Human papilloma viruses (HPV) are the main trigger for cervical cancer (cervical cancer). Nevertheless, the HPV test is not part of the statutory early detection program, not least because there are doubts about its informative value and it cannot replace the so-called PAP test (special smear test) as a test method, reports the cancer information service of the German Cancer Research Center (DKFZ) in Heidelberg . Women who still want to have an HPV test usually have to pay for it themselves. "Whether the detection of human papillomavirus could not be used sensibly for the early detection of cervical cancer" is currently being examined again, according to the Cancer Information Service.

Some health insurance companies are already paying for an HPV test under certain conditions, although this is not one of the legally required early detection examinations. Mostly, the test is offered by gynecologists as an Individual Health Service (IGeL), for which up to 70 euros are due. In case of doubt, even a positive result says little about the cancer risk. Because HPV infections are not uncommon and they do not necessarily have to lead to cervical cancer. According to experts from the German Society for Gynecology and Obstetrics, the test can still make an important contribution to early cancer detection and prevention under certain conditions. According to the Cancer Information Service, the Institute for Quality and Efficiency in Health Care (IQWiG) has also identified indications that women can benefit from an HPV test as part of early cancer detection. However, no recommendations for a specific investigation strategy can be derived from the available research results.

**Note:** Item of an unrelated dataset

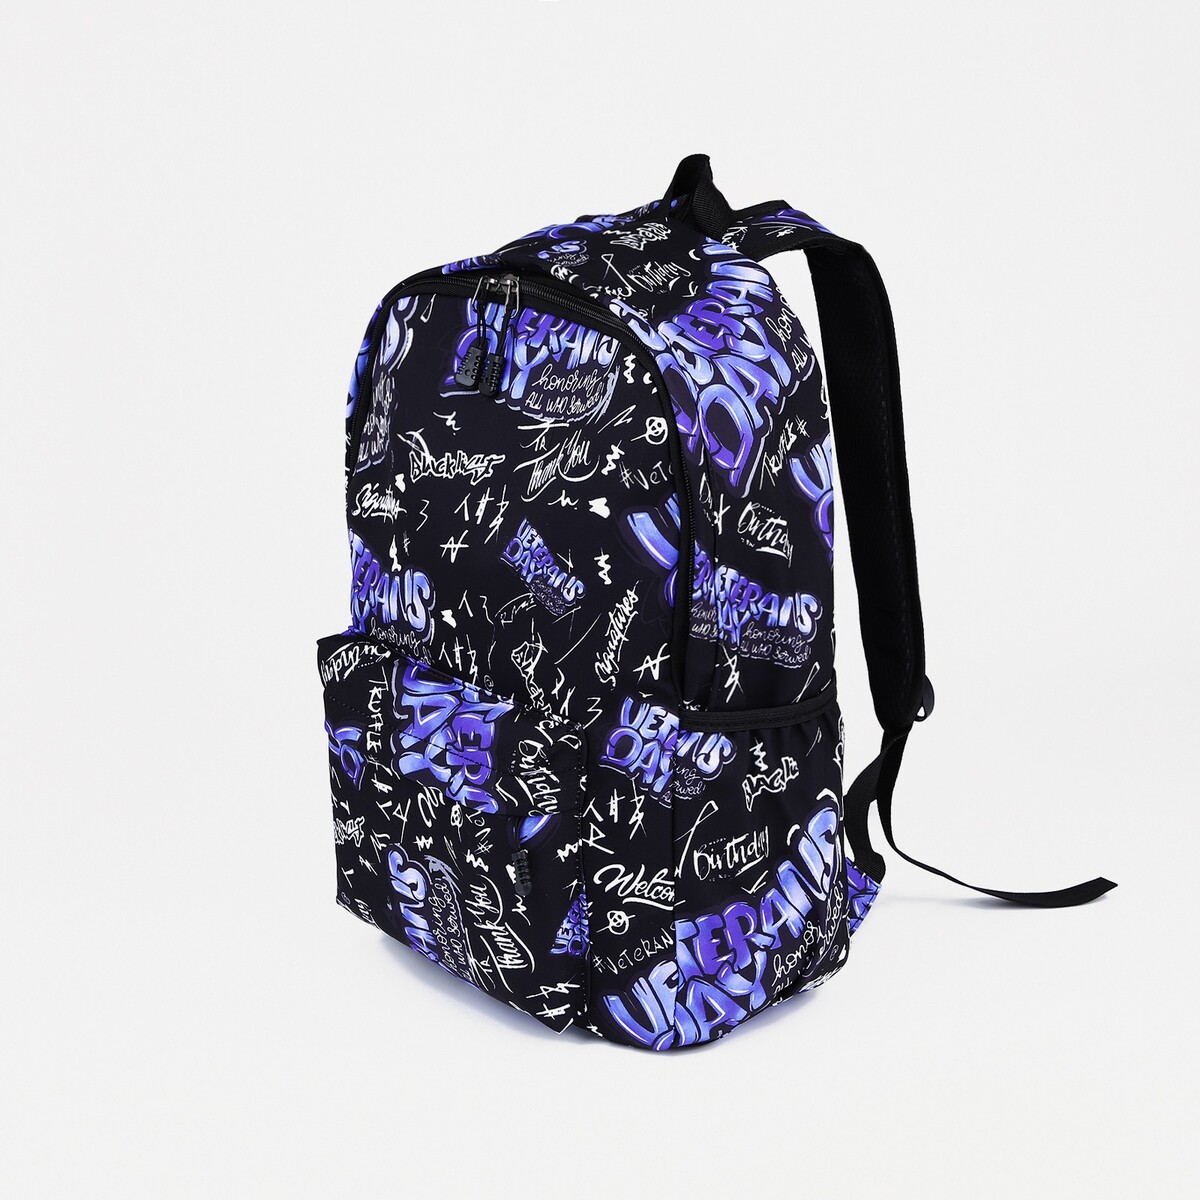 Рюкзак на молнии, 3 наружных кармана, цвет фиолетовый/черный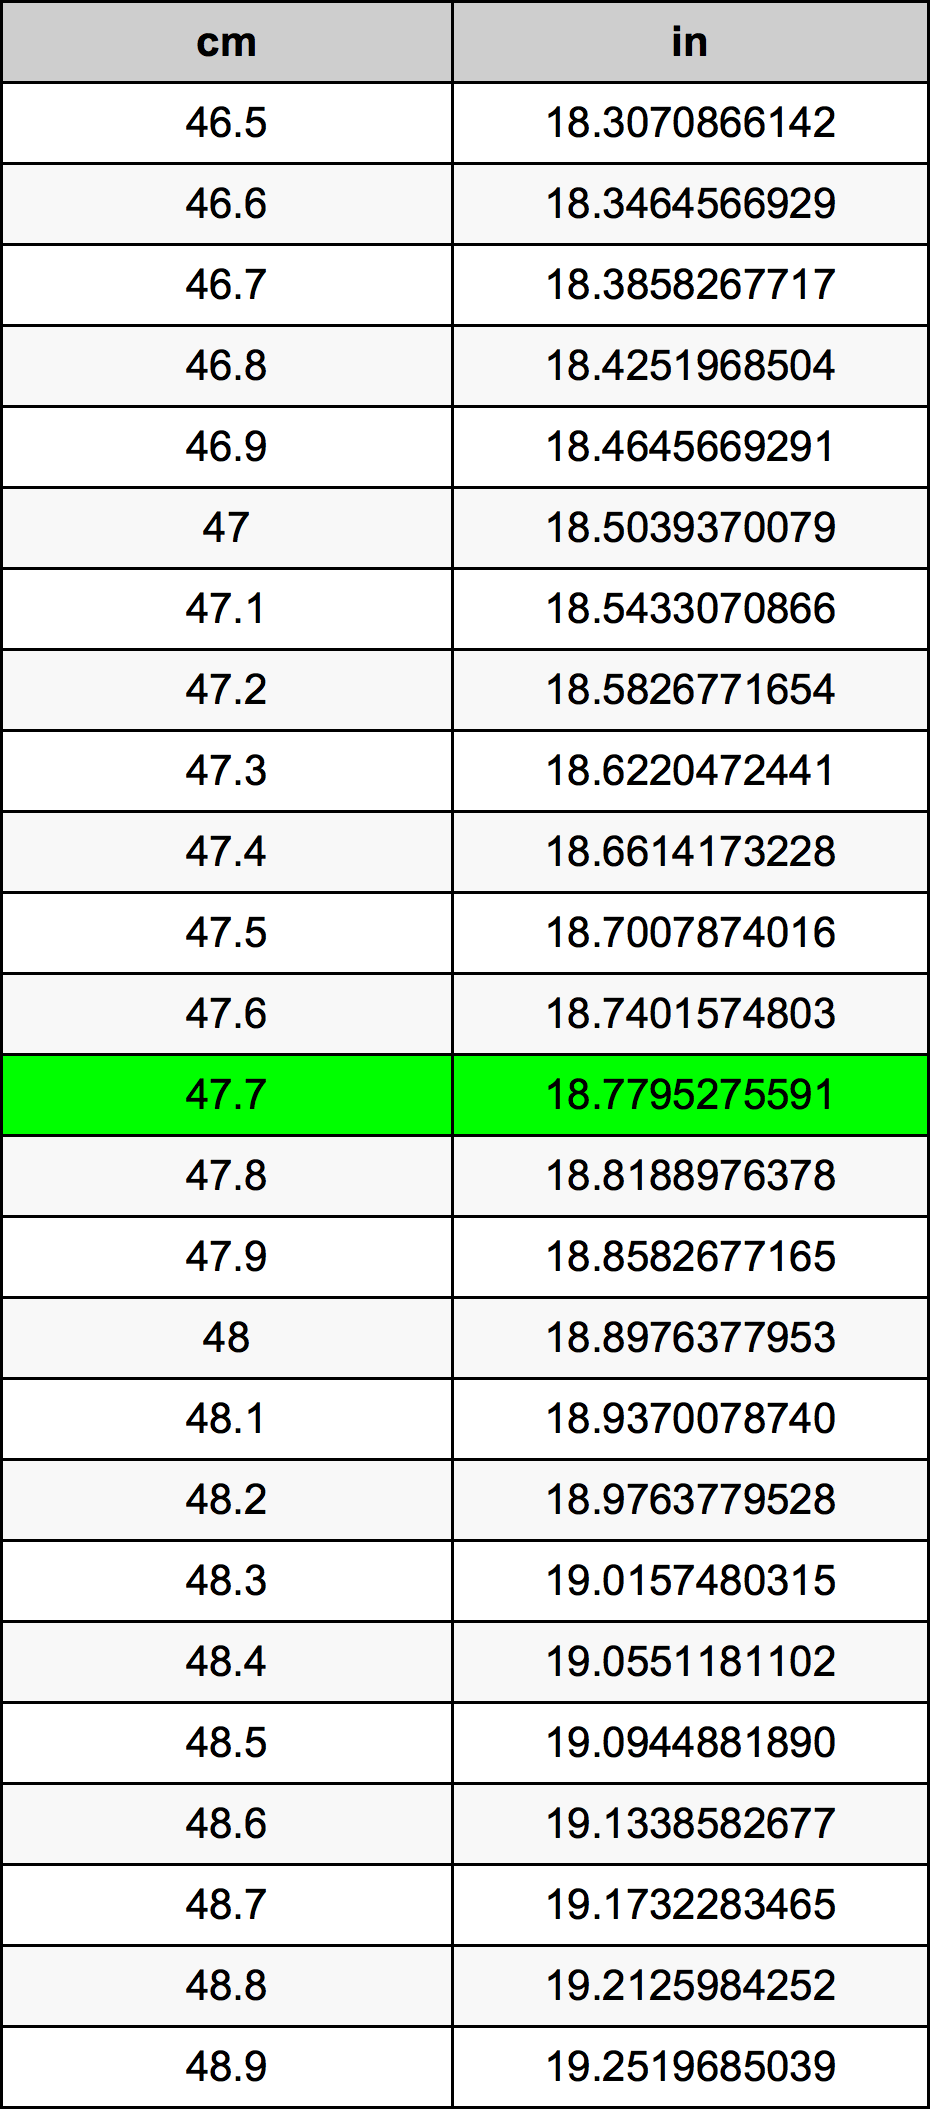 47.7 Centiméter átszámítási táblázat

Positive HPV test alone with little informative value According to the Cancer Information Service, a positive result of the HPV test has "currently no relevance for early detection in healthy women with normal findings in the smear test." Because this does not reveal whether the infection is only temporary is or threaten tissue changes in the long term. Especially for women under the age of 30, the test result is not very meaningful, since "a result that is positive today can be negative shortly afterwards". Infection is also easily possible after the test, so that it does not offer any reliable information. In addition, no immediate therapeutic measures can be derived from the test, since no drugs are known to treat the viruses. It is only possible to treat these if tissue changes actually form. Here, the HPV test can possibly provide important information for early detection and thus make treatment significantly easier. Even after surgery for cervical cancer, regular HPV tests are useful to monitor the success of the treatment.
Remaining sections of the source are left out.